◆ DATA BLOCK
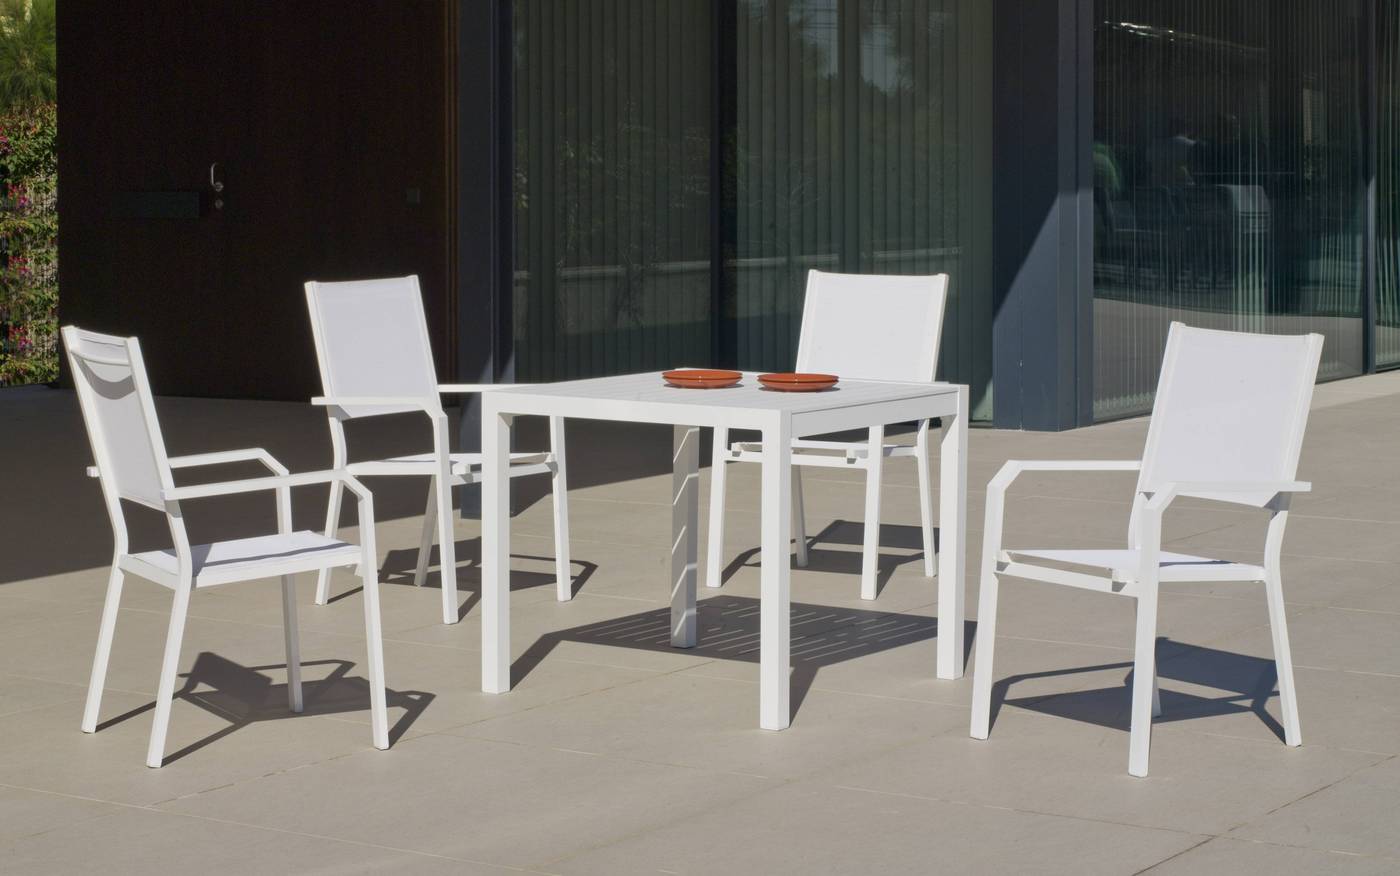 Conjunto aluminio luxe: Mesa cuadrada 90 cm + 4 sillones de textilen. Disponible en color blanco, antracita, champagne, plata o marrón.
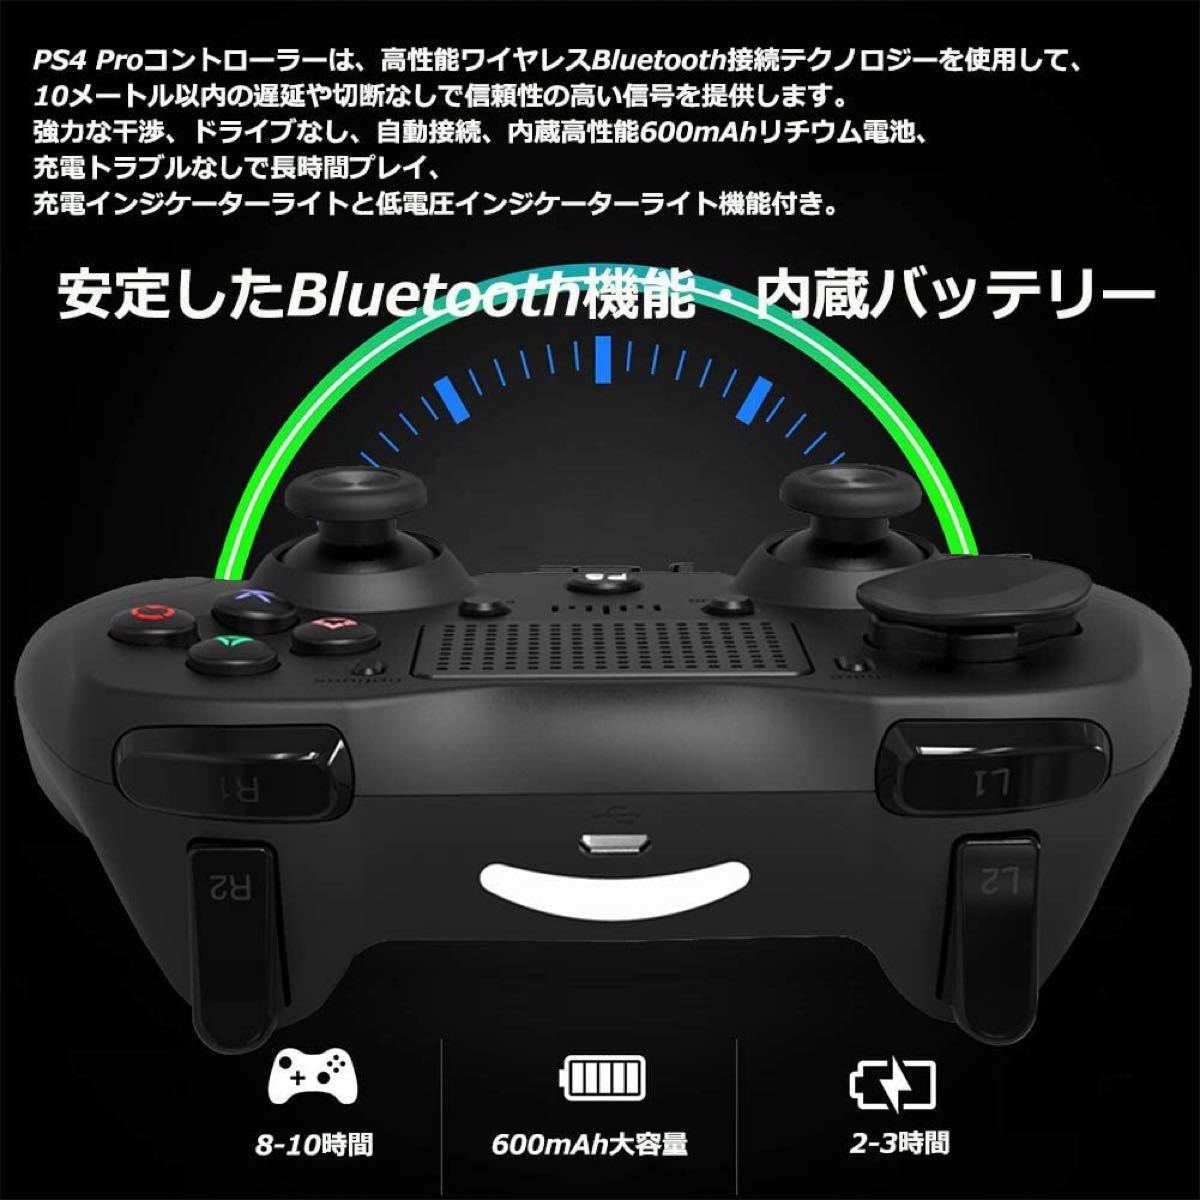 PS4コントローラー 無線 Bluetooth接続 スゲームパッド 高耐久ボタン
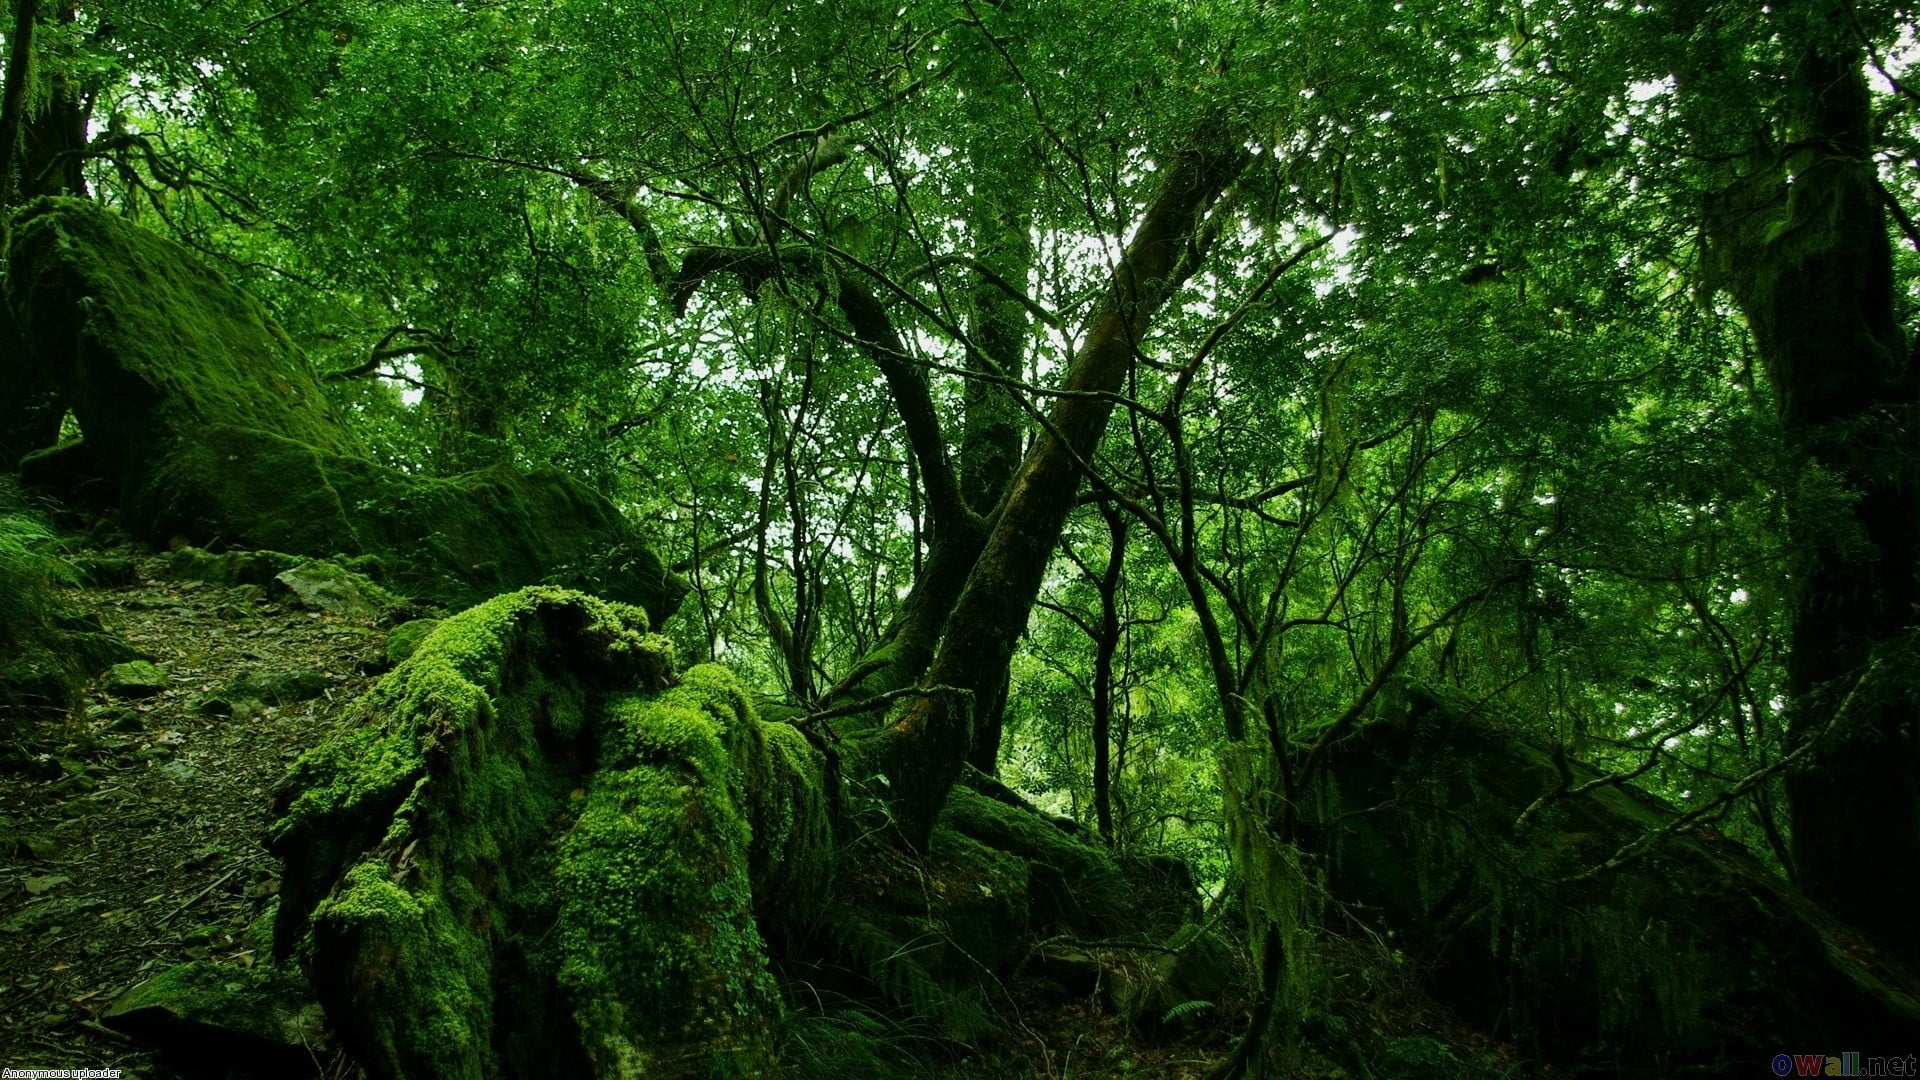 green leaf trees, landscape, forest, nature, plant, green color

◆ REQUIREMENT
What is needed here is each line above set down word for word, minus the images.

◆ PROBLEM SOLUTION
 Conjunto aluminio luxe: Mesa cuadrada 90 cm + 4 sillones de textilen. Disponible en color blanco, antracita, champagne, plata o marrón.
 PS4コントローラー 無線 Bluetooth接続 スゲームパッド 高耐久ボタン
 green leaf trees, landscape, forest, nature, plant, green color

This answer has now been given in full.